6.4 Wijzigingsbevoegdheid
6.4.1 Andere bedrijvigheid
Burgemeester en wethouders zijn bevoegd deze bestemming te wijzigen ten behoeve van het wijzigen van gebruik van vrijkomende bedrijfsgebouwen in een andere specifieke bedrijfsfunctie, met dien verstande dat:
-
a. aangetoond is dat er sprake is van een ruimtelijke verbetering in de vorm van een afname van bebouwing (niet zijnde gemeentelijk monument of een rijksmonument) alsmede een visueel ruimtelijke verbetering van de situatie en / of aangetoond is dat er sprake is van een vermindering van de milieubelasting;
-
b. buitenpandige opslag niet is toegestaan;
-
c. aangetoond is dat voldaan wordt aan de normen voor wat betreft aantal parkeerplaatsen zoals die zijn opgenomen in Bijlage 3 Parkeernormen;
-
d. toevoeging van een bedrijfswoning niet is toegestaan;
-
e. de bouwregels uit artikel 6.2 van kracht blijven;
-
f. aangetoond is dat de wijziging niet leidt tot extra belemmeringen voor de bedrijfsvoering van de omliggende (agrarische) bedrijven;
-
g. detailhandel niet is toegestaan behoudens in ter plaatse geproduceerde of bewerkte producten ter plaatse van de aanduiding 'bouwvlak' met een oppervlak van ten hoogste 100 m2;
-
h. aangetoond is dat de waterhuishoudkundige, landschappelijke en natuurwaarden niet onevenredig worden aangetast;
-
i. een goede landschappelijke inpassing dient verzekerd te zijn;
-
j. aangetoond is dat voldaan wordt aan de normen gesteld in of krachtens de Wet bodembescherming.

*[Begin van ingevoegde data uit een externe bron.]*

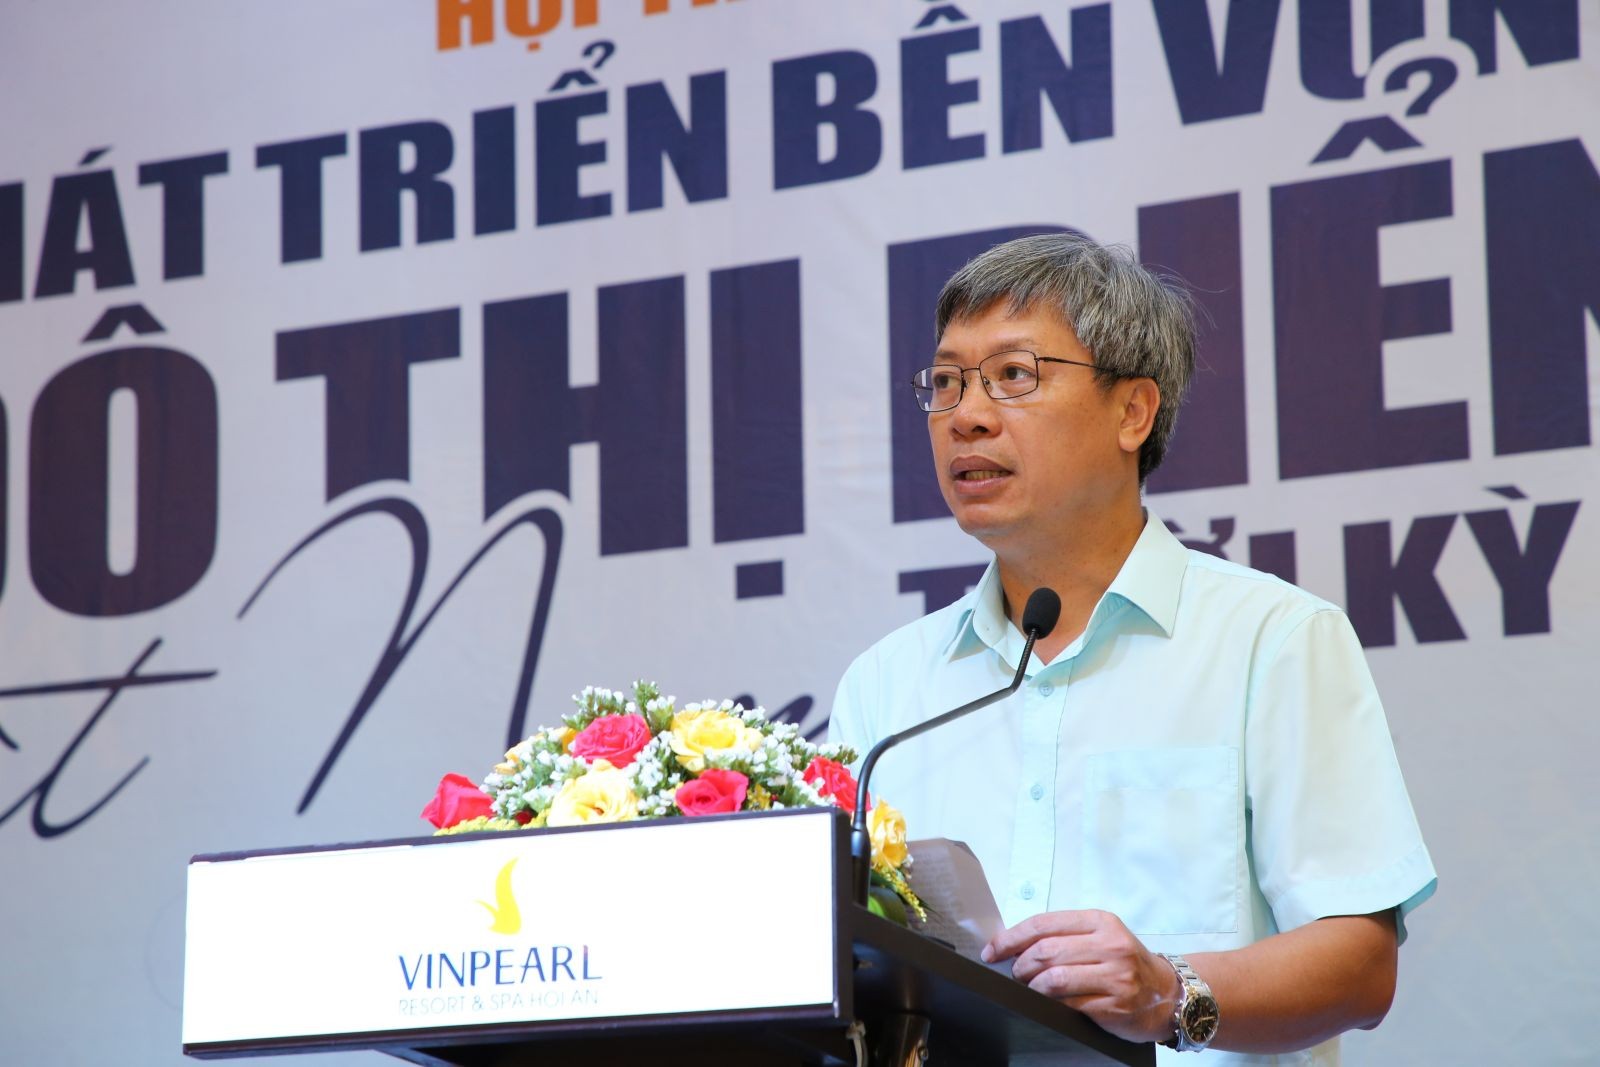 
Ông Hồ Quang Bửu - Phó Chủ tịch UBND tỉnh Quảng Nam
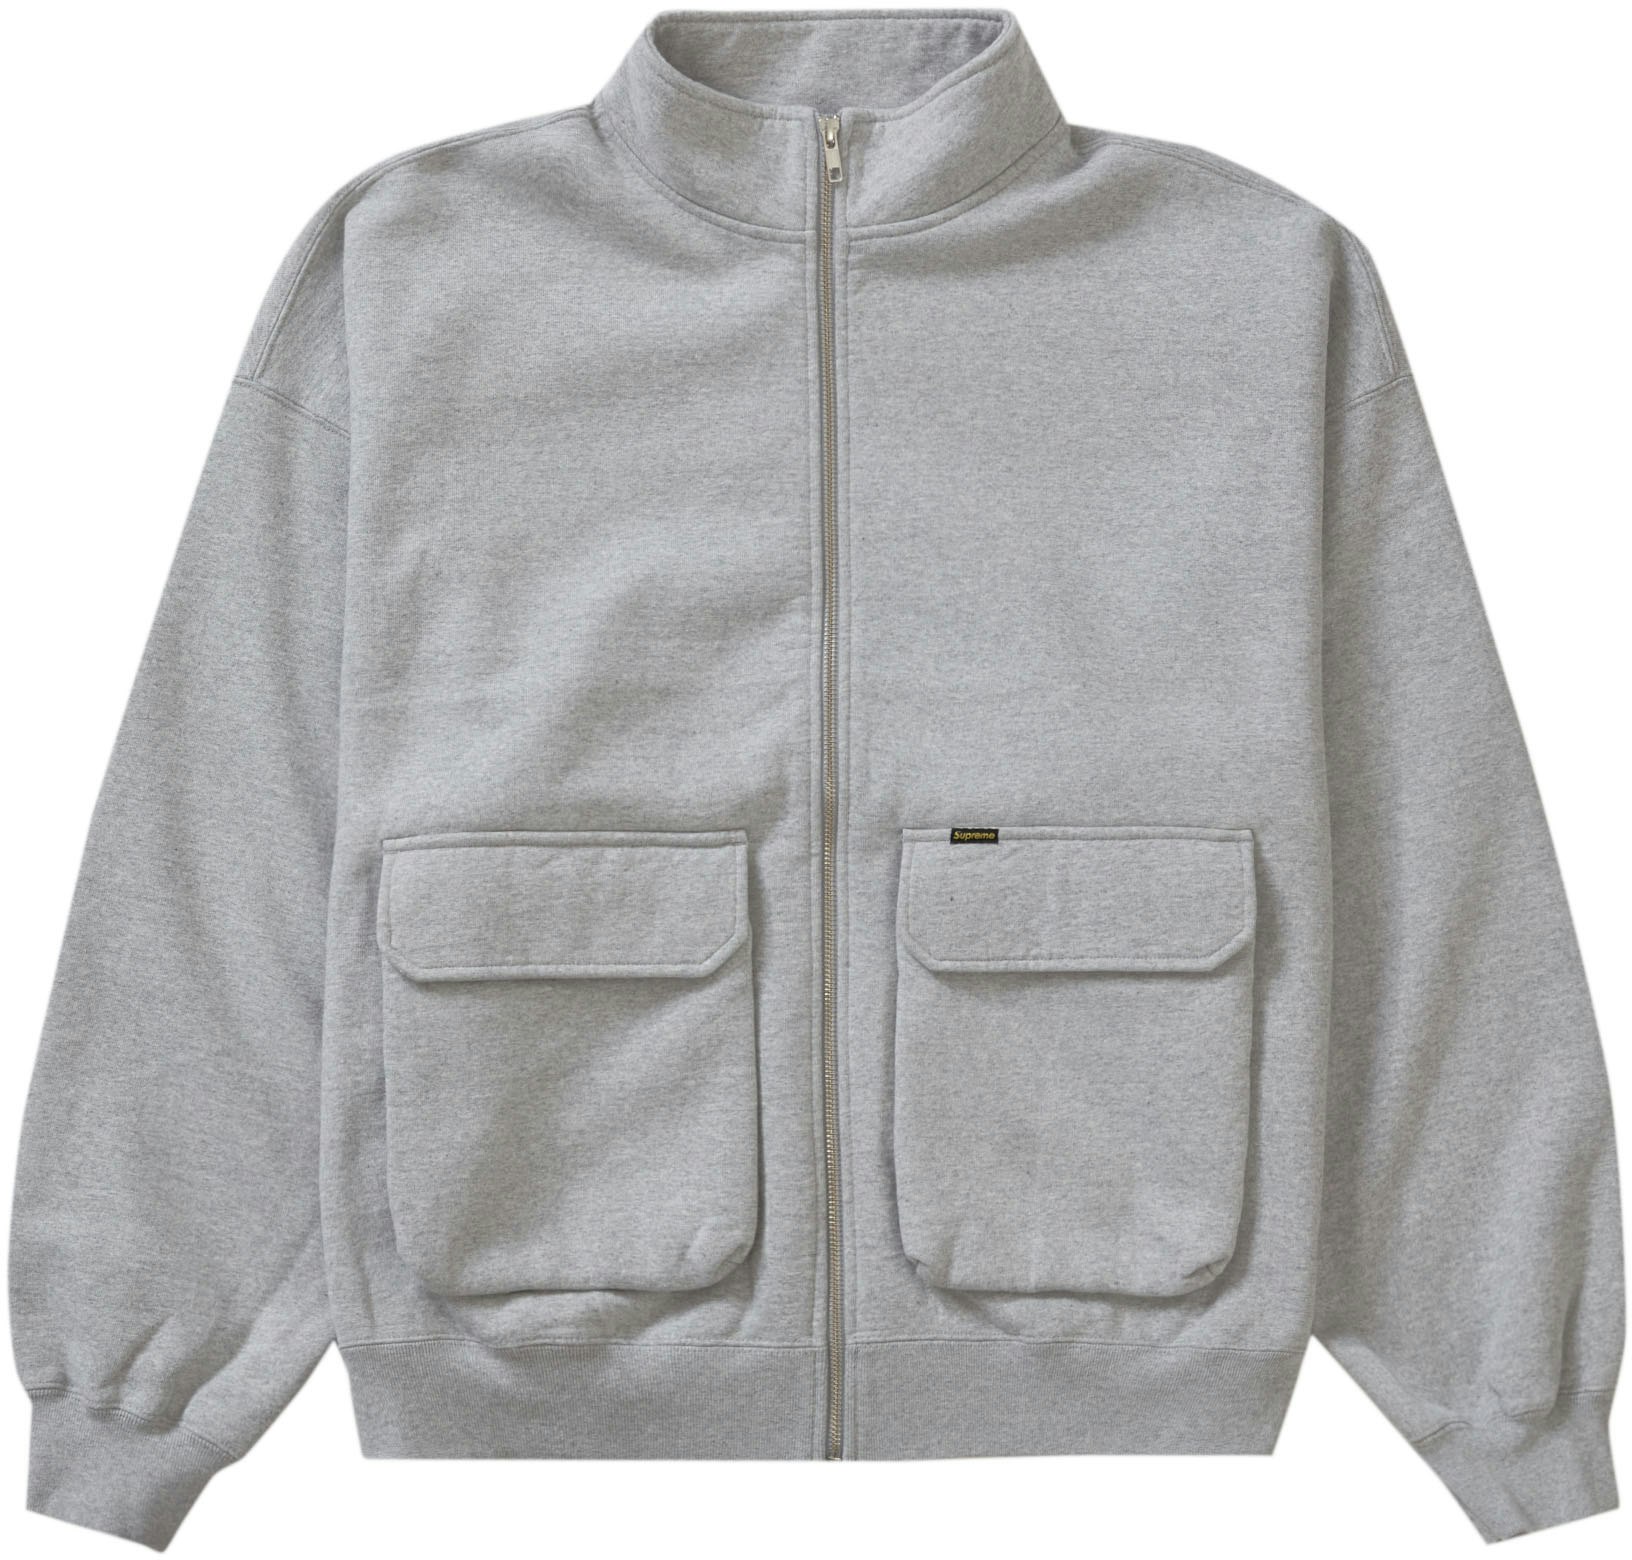 Supreme Cargo Pocket Zip Up Sweatshirt Heather Grey - Novelship

6.4.2 Wijziging naar wonen
Burgemeester en wethouders zijn bevoegd deze bestemming te wijzigen ten behoeve van het wijzigen van gebruik van vrijkomende bedrijfsgebouwen in de functie 'wonen' ten behoeve van de realisatie van één woning, met dien verstande dat:
-
a. de bedrijfsfunctie in zijn geheel dient te komen vervallen;
-
b. hergebruik plaats dient te vinden in de bestaande bouwmassa en overtollige bedrijfsgebouwen dienen te worden gesloopt;
-
c. de inhoud van de ter plaatse van de aanduiding 'bouwvlak' aanwezige woning bedraagt ten minste 300 m3;
-
d. de inhoud van de ter plaatse van de aanduiding 'bouwvlak' aanwezige woning bedraagt ten hoogste 800 m3;
-
e. er ten behoeve van de woonfunctie geen nieuwe bebouwing opgericht mag worden en dat voor het bouwen van bijgebouwen gebruik gemaakt moet worden van de mogelijkheden uit artikel 6.2 of van bebouwing die aanwezig is ter plaatse van de aanduiding 'bouwvlak';
-
f. aangetoond is dat het gebruik niet leidt tot een belemmering voor de bedrijfsvoering van omliggende (agrarische) bedrijven;
-
g. aangetoond is dat voldaan wordt aan de normen voor wat betreft aantal parkeerplaatsen zoals die zijn opgenomen in Bijlage 3 Parkeernormen;
-
h. aangetoond is dat de waterhuishoudkundige, landschappelijke en natuurwaarden niet onevenredig worden aangetast;
-
i. voldaan wordt aan de eisen uit de Wet geluidhinder;
-
j. aangetoond is dat voldaan wordt aan de normen gesteld in of krachtens de Wet bodembescherming;
-
k. aangetoond is dat het woon- en leefklimaat in de omgeving niet onevenredig wordt aangetast.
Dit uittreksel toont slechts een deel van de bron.